The P fertility gradient established between the three contrasting mowing regimen within long-term grassland management field trial provided an ideal and unique template to investigate how soil P extractability–solubility relates to short-term plant P uptake. Thus, the no mowing treatment was effectively a control, while the clippings left and clippings removed treatments represented ‘restorative’ and ‘depletive’ management systems, respectively. In the context of managed grassland ecosystems, the clippings left treatment was akin to grazing, while the clippings removed treatment was similar to continuous hay or silage cropping with minimal nutrient inputs or returns.

By comparing the relative differences in soil P pools between mowing treatments with corresponding P uptake by red clover and Italian ryegrass, it was possible to assess how soil P solubility related to actual plant availability.

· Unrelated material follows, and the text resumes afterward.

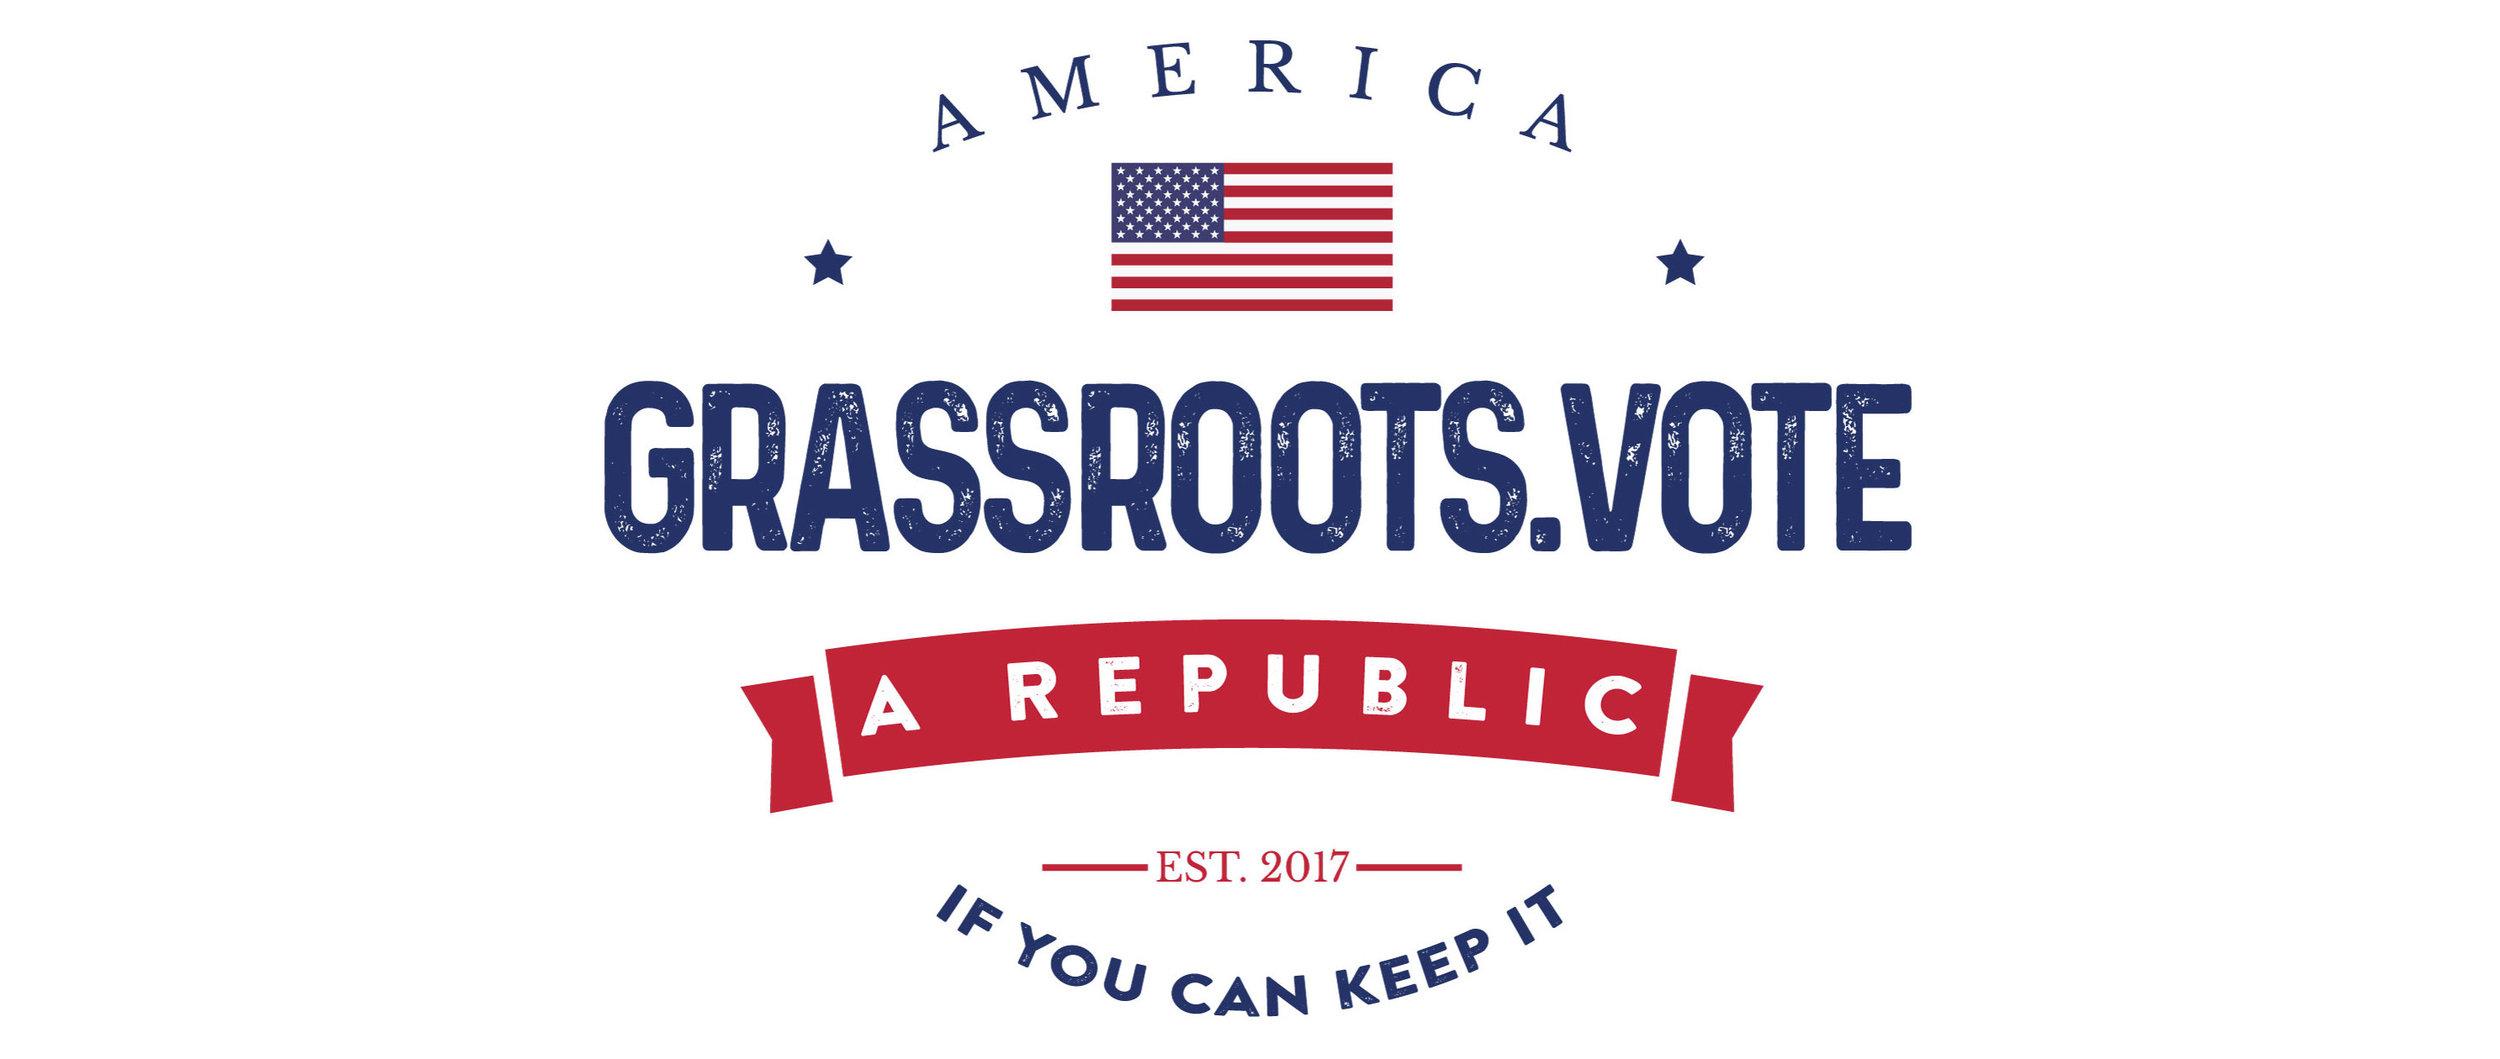 Grassroots-Vote - Jason W Hoyt - Logo-wide copy.jpeg

Based on previous research, it is reasonable to assume that the sum of NC-Pi, B-Pi and N1-Pi fractions represents the potential pool of soil inorganic P that is available to plants over a 3-month period (Chen et al. 2003). This bioavailable P pool was similar for the no mowing (247 mg P kg−1) and clippings left (223 mg P kg−1) treatments, which in turn were significantly higher than the clippings removed treatment (144 mg P kg−1) (P < 0.001; LSD 0.05 = 36.50). Compared with no mowing (100%), values for this bioavailable inorganic P pool for the clippings left and removed treatments were 90% and 58%, respectively. Results for relative P uptake by red clover and Italian ryegrass were remarkably consistent for the different mowing treatments, and revealed that plant P uptake for the clippings left and clippings removed treatments were 151–154% and 60–62% compared with no mowing, respectively (Table 3).

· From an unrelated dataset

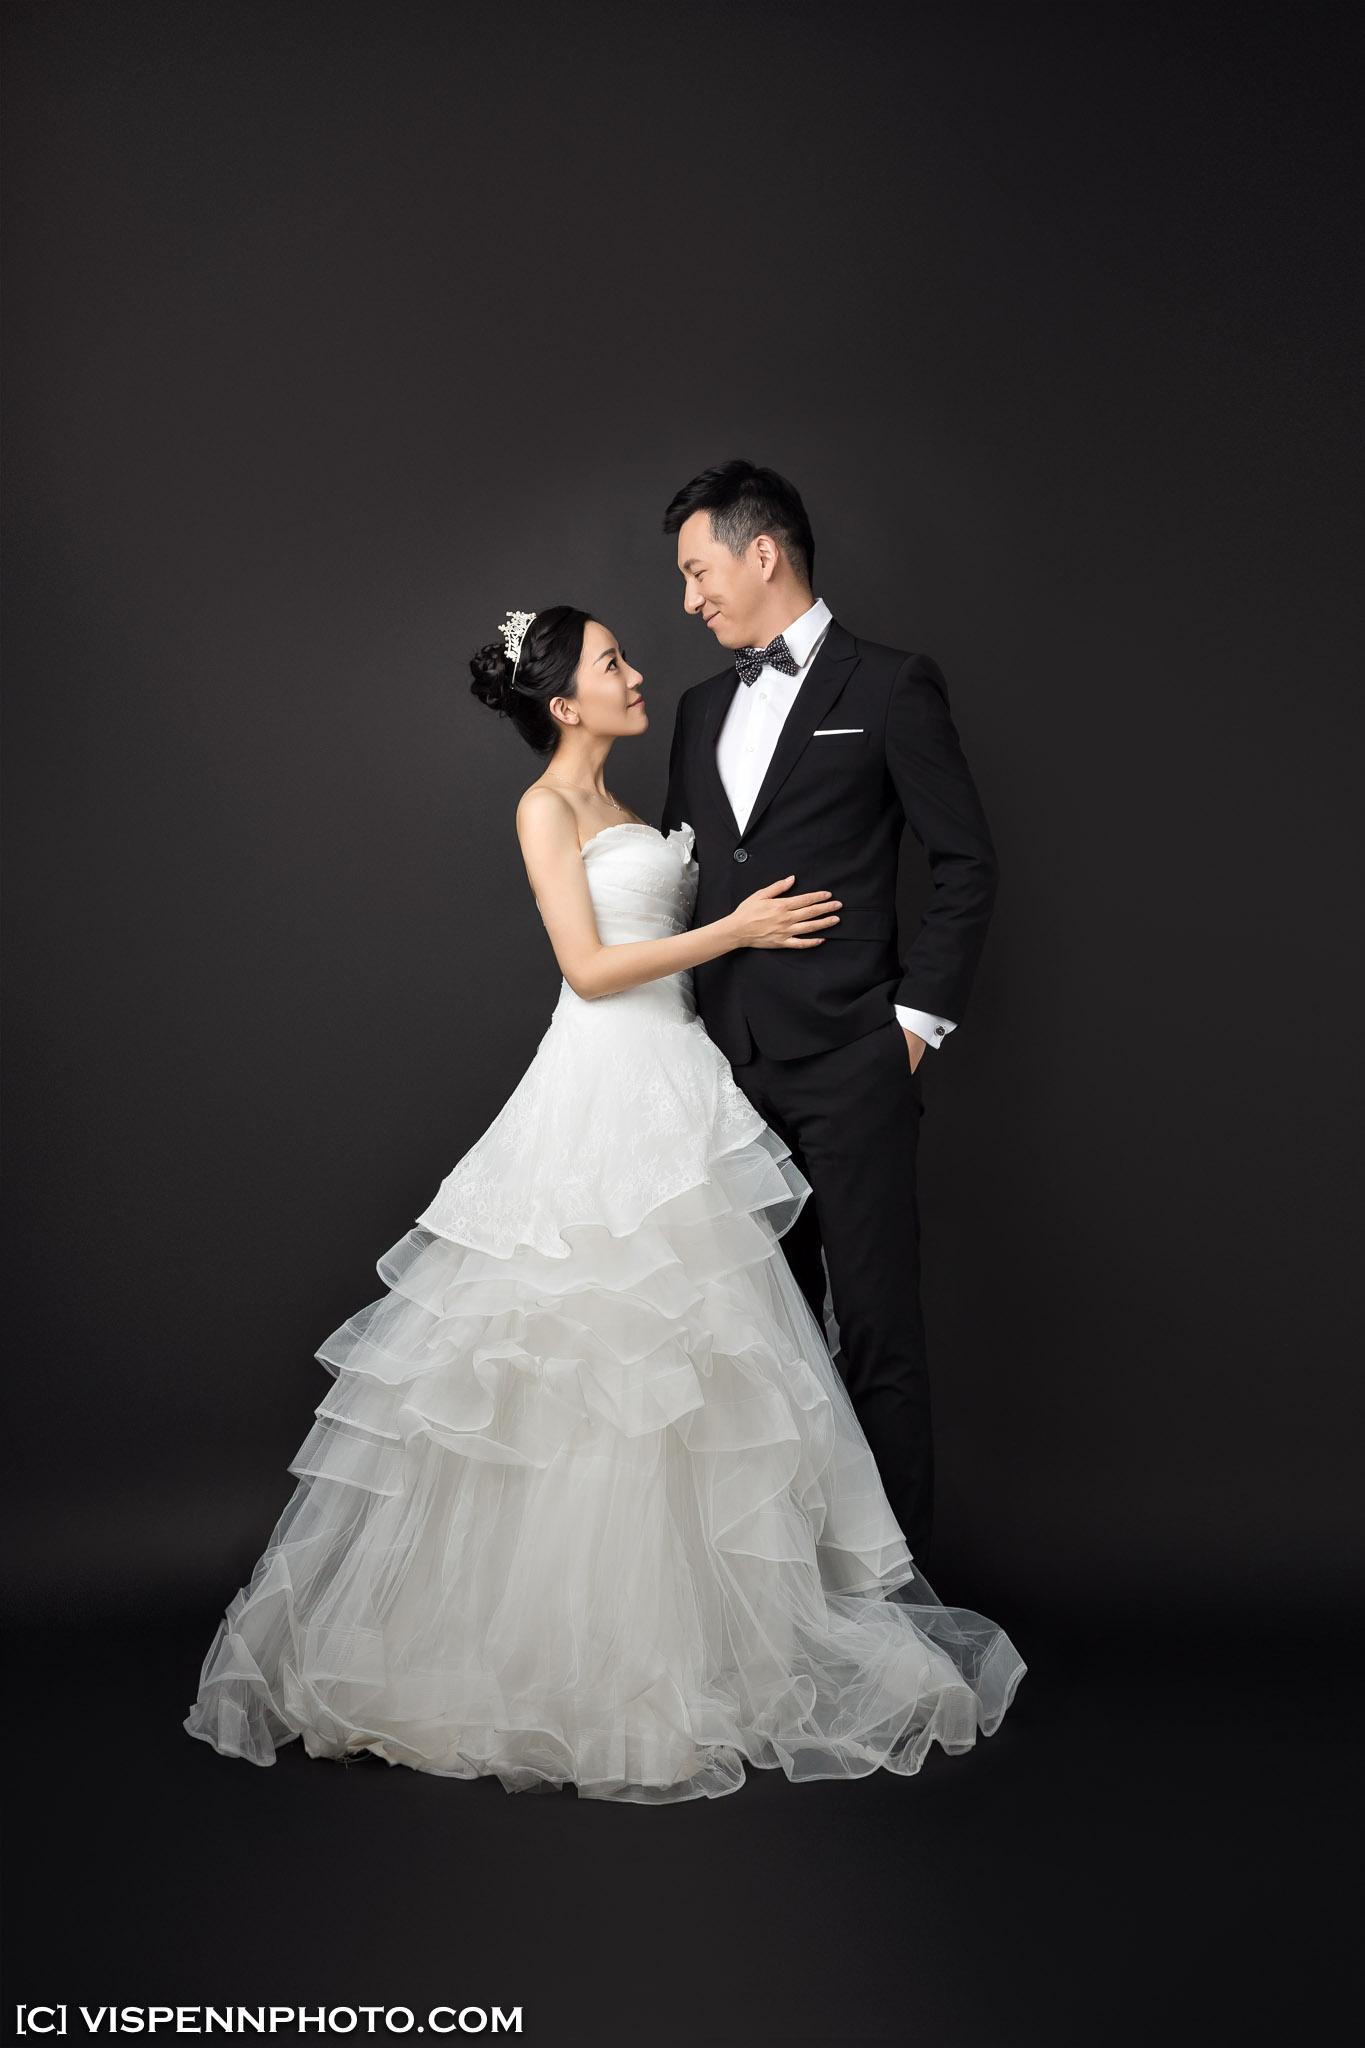 PRE WEDDING Photography Melbourne VISPENN 墨尔本 婚纱照 结婚照 婚纱摄影 5DB 0630

These findings indicate that for the clippings removed treatment, there was close agreement between the quantities of bioavailable inorganic P determined by sequential extraction (58%) and plant P uptake (60–62%) relative to the no mowing treatment. Thus, the supply of P to plants in this organic matter and nutrient-depleted soil was primarily determined by desorption of inorganic P adsorbed on iron and aluminium oxide surfaces, with limited contribution from organic and microbial P sources.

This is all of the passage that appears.